Saturday, 10 March 2012

Hurry Up, Sit Down and Start Running!

Bizarre as it may sound, this is what happened in the stock market last week. Like a dog chasing the tail and going round and round. When the index fell in the 1st part of week, remaining bears started making noise. ZH was painting the town red with the news of coming   Eurocalypse. And I was telling readers to wait and not to front run. I said repeatedly that trend change is not confirmed and whipsaw is expected. Technically the market was oversold to start with. Again, as absurd it may sound that while the prices were making higher high, the market was oversold, it was true. How can we expect a decent sell-off in such a situation? And not to forget, the cycles were showing a top due by March 6-9. Last I said, may be Friday, March 9 will be the fade date.

So where we are now and what do we expect in the coming week? For answers, let us look at some common, garden variety TA charts. The 1st one is NYMO which reflects the market breadth;

NYMO was in deep oversold territory and is only just coming above zero line.

While on the other hand NYSI has turned down quite a lot and is trying to move up a bit.
RSI in NYSI is in deep oversold region.

BPSPX which shows the bullish percentage index has reached the historical high and has started turning down. 

Read together, I get a feeling of indecision. While the market has lost upward momentum, it is not ready to plunge down as yet. Taking a position in either way is blind front running.

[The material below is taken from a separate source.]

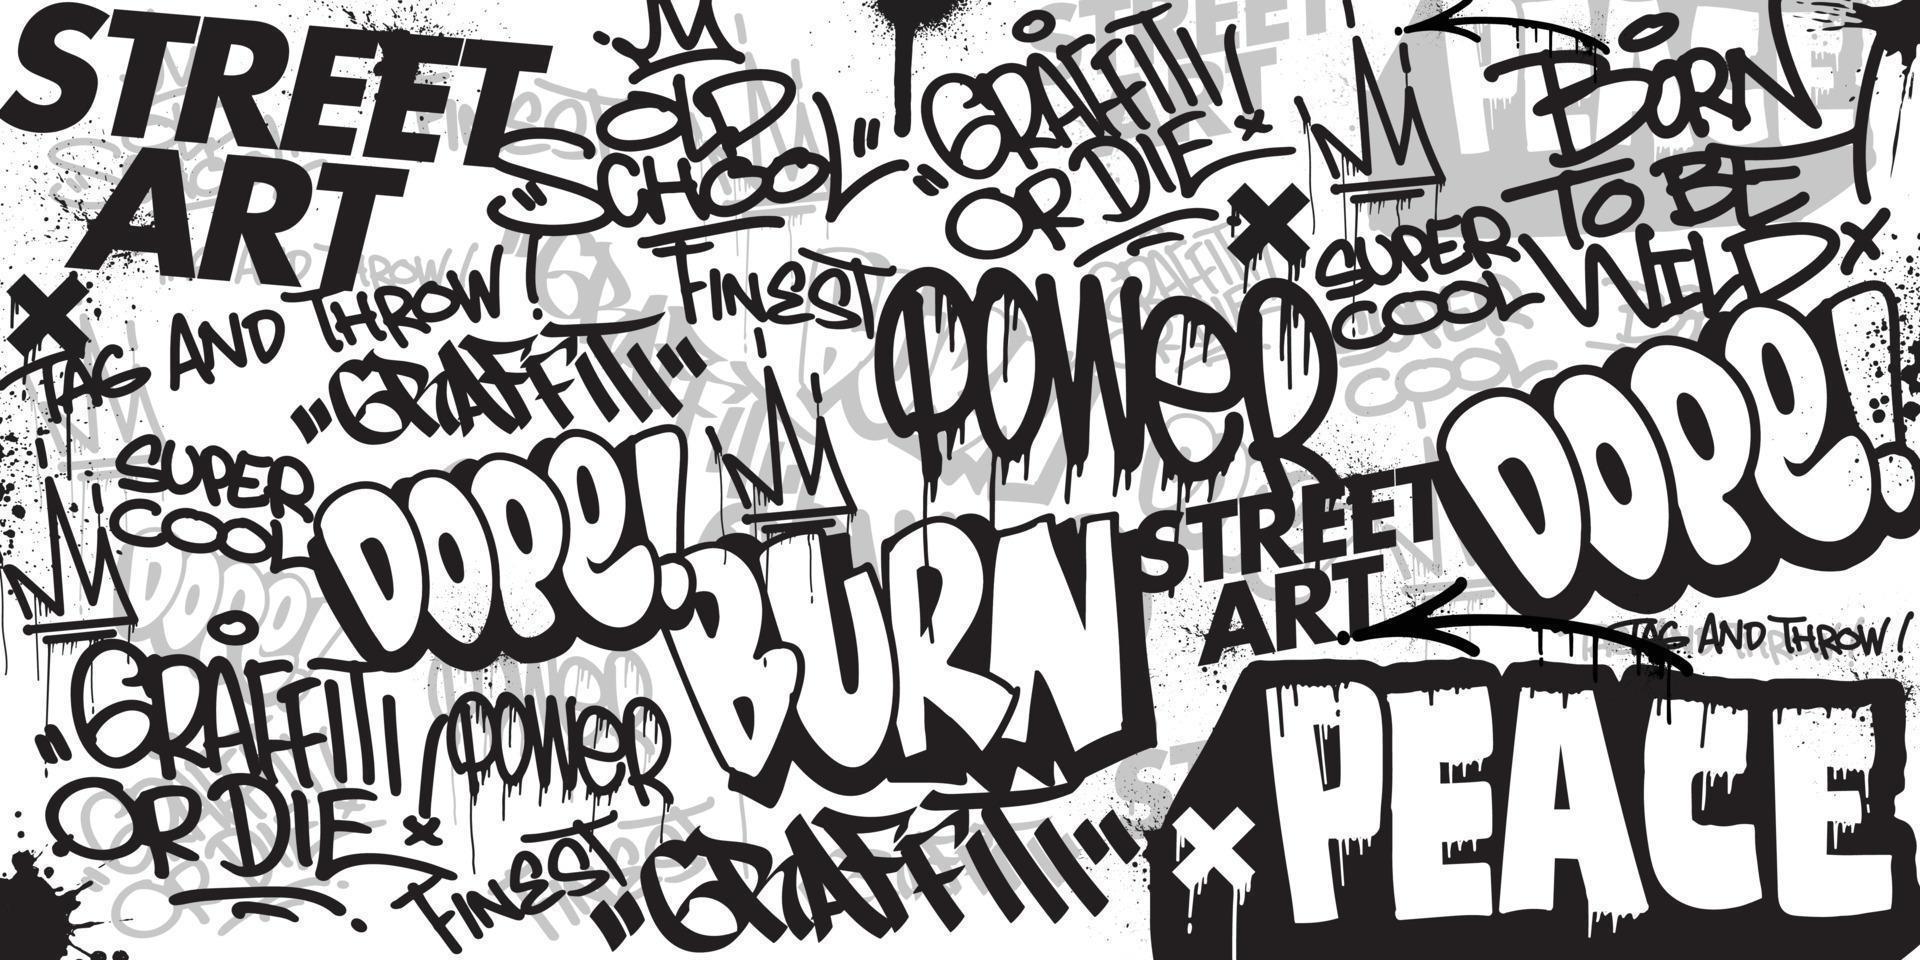 graffiti achtergrond met overgeven en taggen hand getekend stijl. straat kunst graffiti stedelijk thema voor afdrukken, spandoeken, en textiel in vector formaat.

Normally Fridays have been the most bearish days for quite a while. Also, normally NFP days behave either as start high go lower or start low go higher. But this last Friday, it did not do either of the two. I twitted before close that I am not shorting the market, yet. On the bear side, the price action can be considered as testing the previous high which it had failed to breach. But on the bull side, it did not break down the lows either. Friday, both the “Risk on” and “Risk Off” trade moved higher. Equities, gold, oil etc moved higher. As well, bonds and USD moved higher.  One of the asset class is not behaving truly and we do not know which one. Only point to note that FX carry trade favourite AUD was moving lower while equities were moving higher.
US $ made solid gain on Friday and Euro moved below 1.3200.
 But it is no guarantee that Euro and AUD will not come up now that disorderly Greek default has been avoided. ( It is a default anyway) If you put a gun on my head and ask me to make a wildest, est, guess about market movement next week, this is what I would guess. This is SPY hourly chart:

There is a bit of gap on the downside which may be filled in the early part of the week and then go up again by OpEx. Again, this is just for fun and do not trade based on this. Never.

Do not forget next week is triple witching OpEx. The BOYZ will screw maximum number of people. It is better to avoid the shark infested water unless we are very sure of what we are doing. That is the reason I did not want to hold any position over the week end. I may take a stab at the market on Monday morning depending on what kind of strength or weakness it shows at open. The good news is (for bears) the cycles show a short term bottom by the last week of the month. And we can expect the major sell off to come in April.

So, stay nimble, trade safe and do not front run based on your bias.

Thank you for reading . Hope you are enjoying the weekend. Please forward / retweet the post to your friends and join me in Twitter. (@BBFinanceblog). As always, I welcome your comments and suggestions.


  1. so called avoiding disorderly default means that banks like GS and JPM are now in for payment of CDS, since the event is recognised as a default. guess where do they get the money.